Легко понять, что психологические закономерности, управляющие таким понятийным мышлением резко отличаются от закономерностей построения обобщений на базе конкретного опыта. Категориальное мышление является не просто отражением личного опыта, оно отражает общественный опыт, выраженный посредством речевой системы. Таким образом, по мере овладения языком, грамотой функционально-образные операции мышления заменяются семантическими и логическими операциями, в которых слова становятся основным средством абстрагирования и обобщения.
Мы полагали, что поскольку отвлеченное мышление является продуктом теоретической деятельности, которой обучают в школе, сложные формы абстракции и обобщения будут обнаружены только у тех испытуемых, которые получили какое-то формальное образование. Однако большинство наших испытуемых получили лишь начальное o6?aзование или совсем не посещали школу, и нас интересовали принципы, которыми они будут руководствоваться при группировании предметов, встречающихся им в повседневной жизни.

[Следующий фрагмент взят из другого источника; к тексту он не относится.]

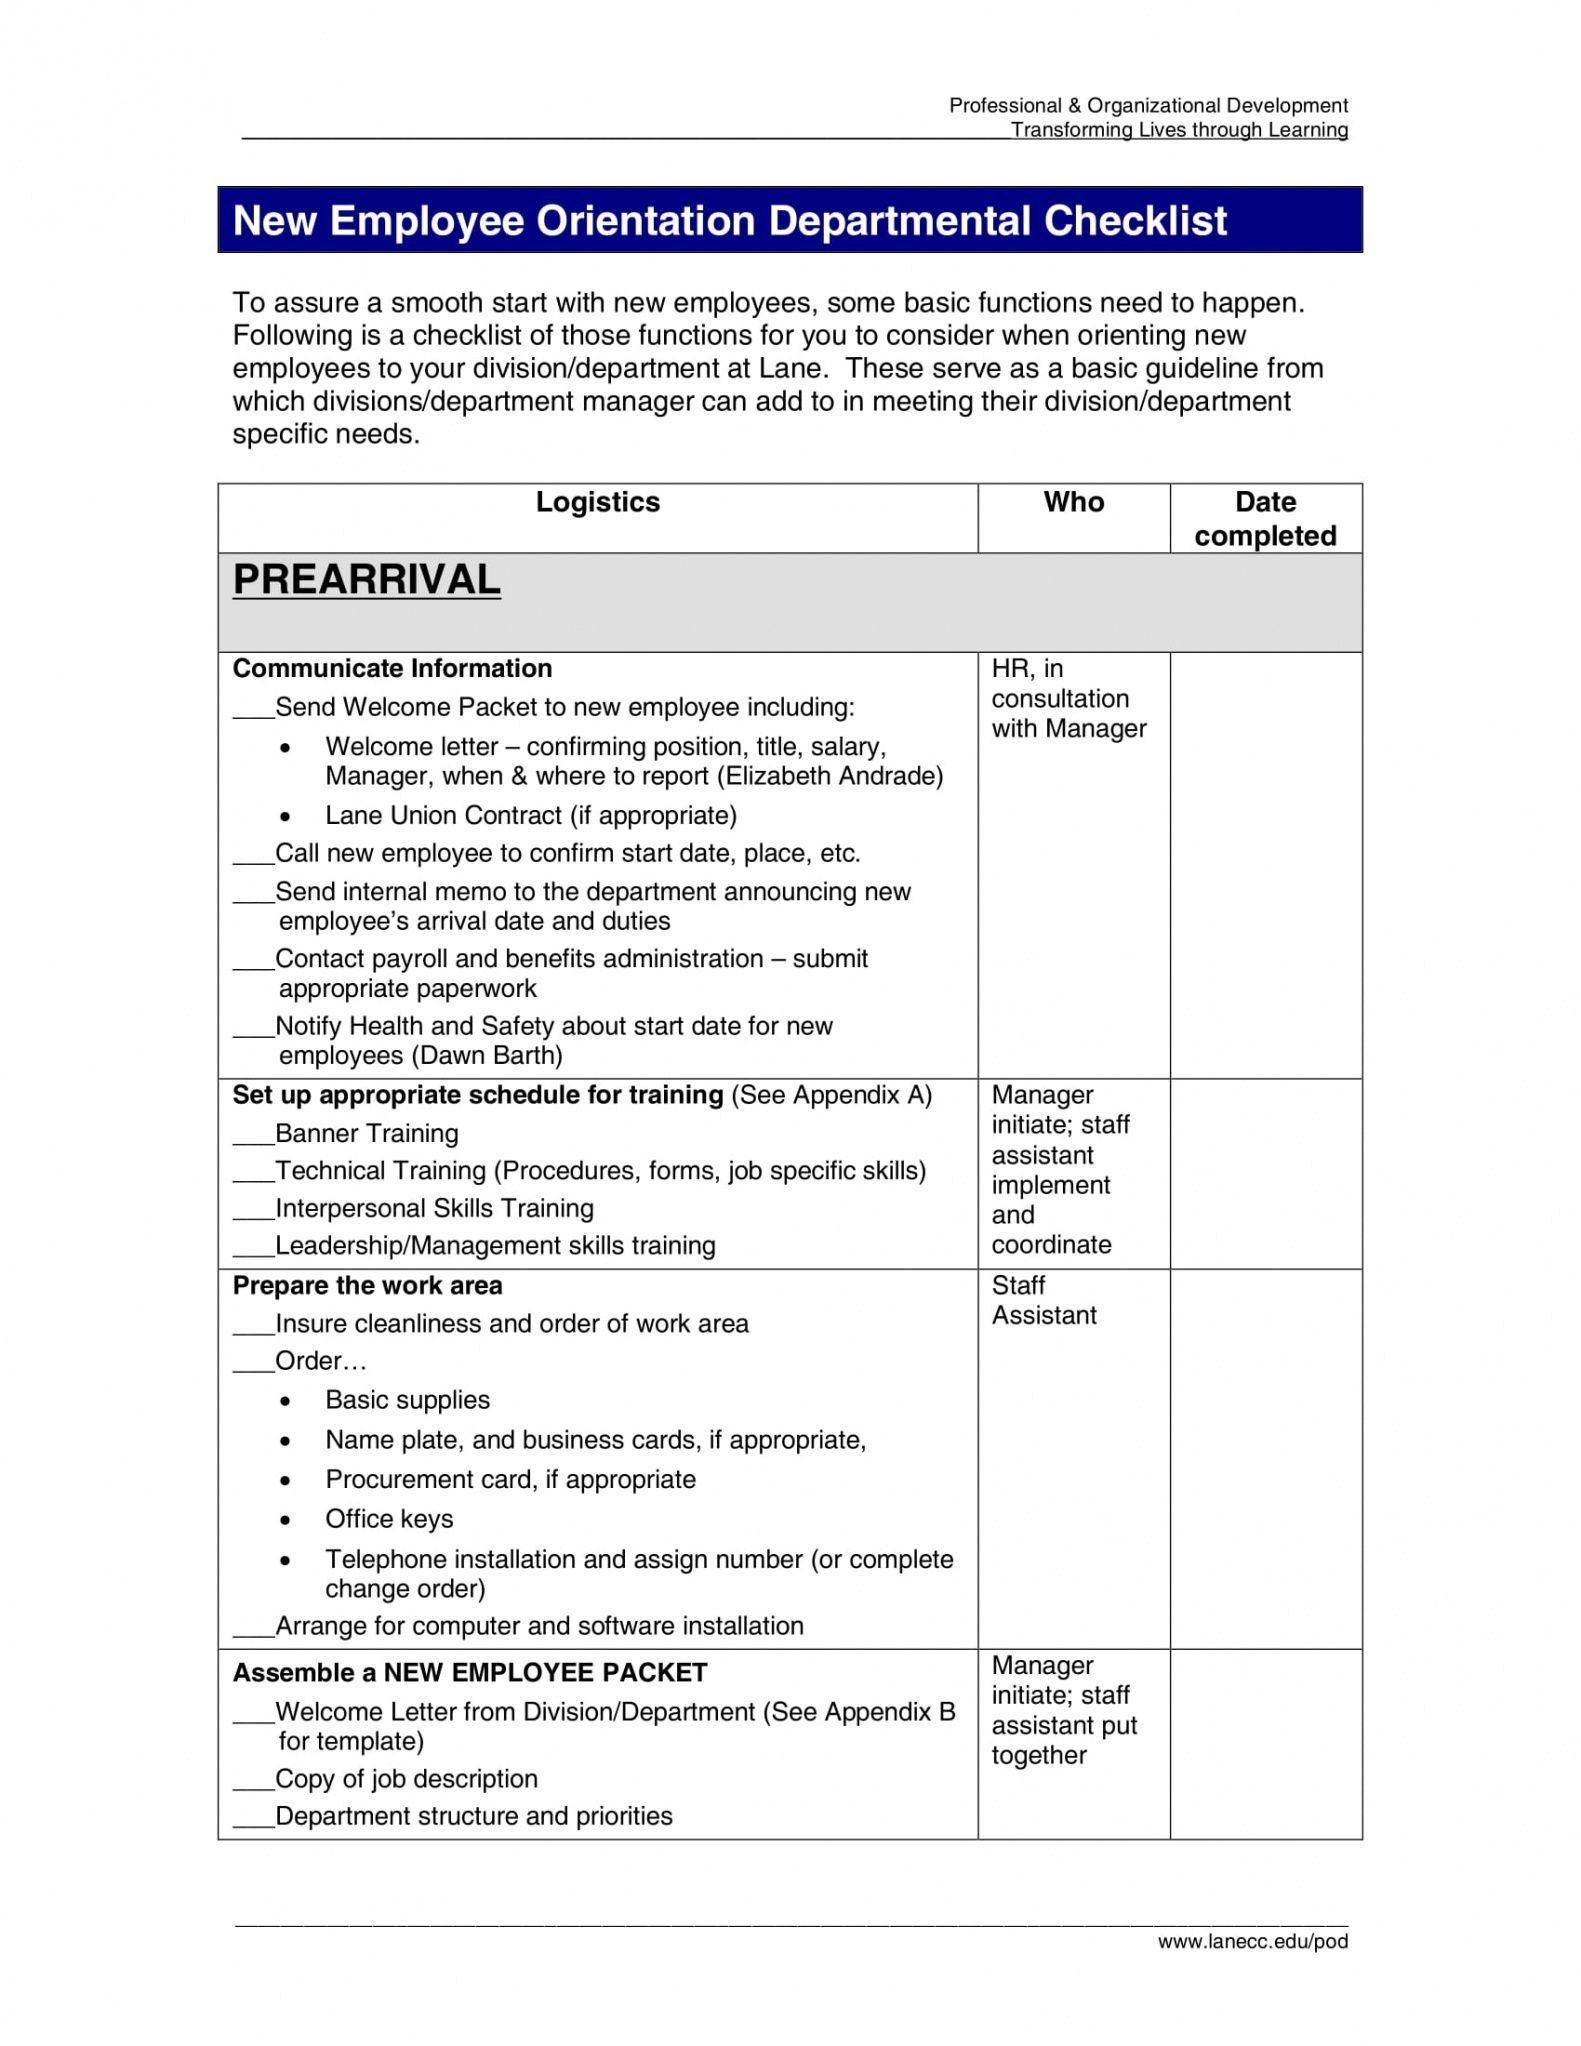 14 New Employee Orientation Program Checklist Pdf Examples New Employee Orientation Agenda New Employee Orientation Agenda Template Orientation Programme New hire orientation checklist template

Почти все испытуемые внимательно выслушивали инструкции и охотно принимались за работу. Однако обычно вместо попыток подобрать «сходные предметы» они принимались отбирать предметы, «подходящие для определенной цели». Другими словами, они заменяли теоретическую задачу практической.(выделение мое. Шапиро М.А.)Эта тенденция стала очевидной с самого начала нашей экспериментальной работы, когда испытуемые начали отбирать изолированные предметы и называть их индивидуальные функции. Например, «этот предмет» был необходим, чтобы выполнить одну работу, а «тот» — для другой работы. Они не видели никакой необходимости сравнивать и группировать все предметы и разносить их по особым категориям. Позднее, в результате обсуждений и различных наводящих вопросов, многие из испытуемых преодолели эту тенденцию. Однако даже тогда они были склонны рассматривать задачу, как практическую, группируя предметы согласно их роли в определенной ситуации, вместо того чтобы совершать теоретическую операцию, располагая их по категориям согласно их общему признаку. В результате каждый испытуемый группировал предметы идиосинкразическим путем, в зависимости от той образной ситуации, которую он себе представлял. Конкретные группы, создававшиеся нашими испытуемыми на базе этого «ситуационного» мышления, были очень стабильны. Когда мы пытались предложить испытуемым другой способ классификации предметов, основанный на абстрактных принципах, они обычно отвергали его на том основании, что такой подход не отражает присущие предметам связи и что человек, занимающийся подобной группировкой, просто «глуп». Лишь в редких случаях они признавали возможность применения такого способа классификации, но тогда они действовали очень неохотно, уверенные, что подобная группировка не имеет большого значения. Имеющей важное значение была для них лишь классификация, основанная на практическом опыте.
Следующий пример иллюстрирует тип рассуждений, с которыми нам пришлось встретиться.
Рахмату, неграмотному крестьянину тридцати одного года из отдаленного района, показали рисунок молотка, пилы, полена и топора. «Какие предметы похожи? И что лишнее?» — спросили его. «Они все похожи, — сказал он. — Я думаю, что все они нужны. Смотрите, если Вам нужно разрубить что-нибудь, Вам нужен топор. Так что все они нужны».
Мы попытались объяснить задачу, говоря: «Послушай, вот трое взрослых и один ребенок. Конечно, ребенок не принадлежит к этой группе».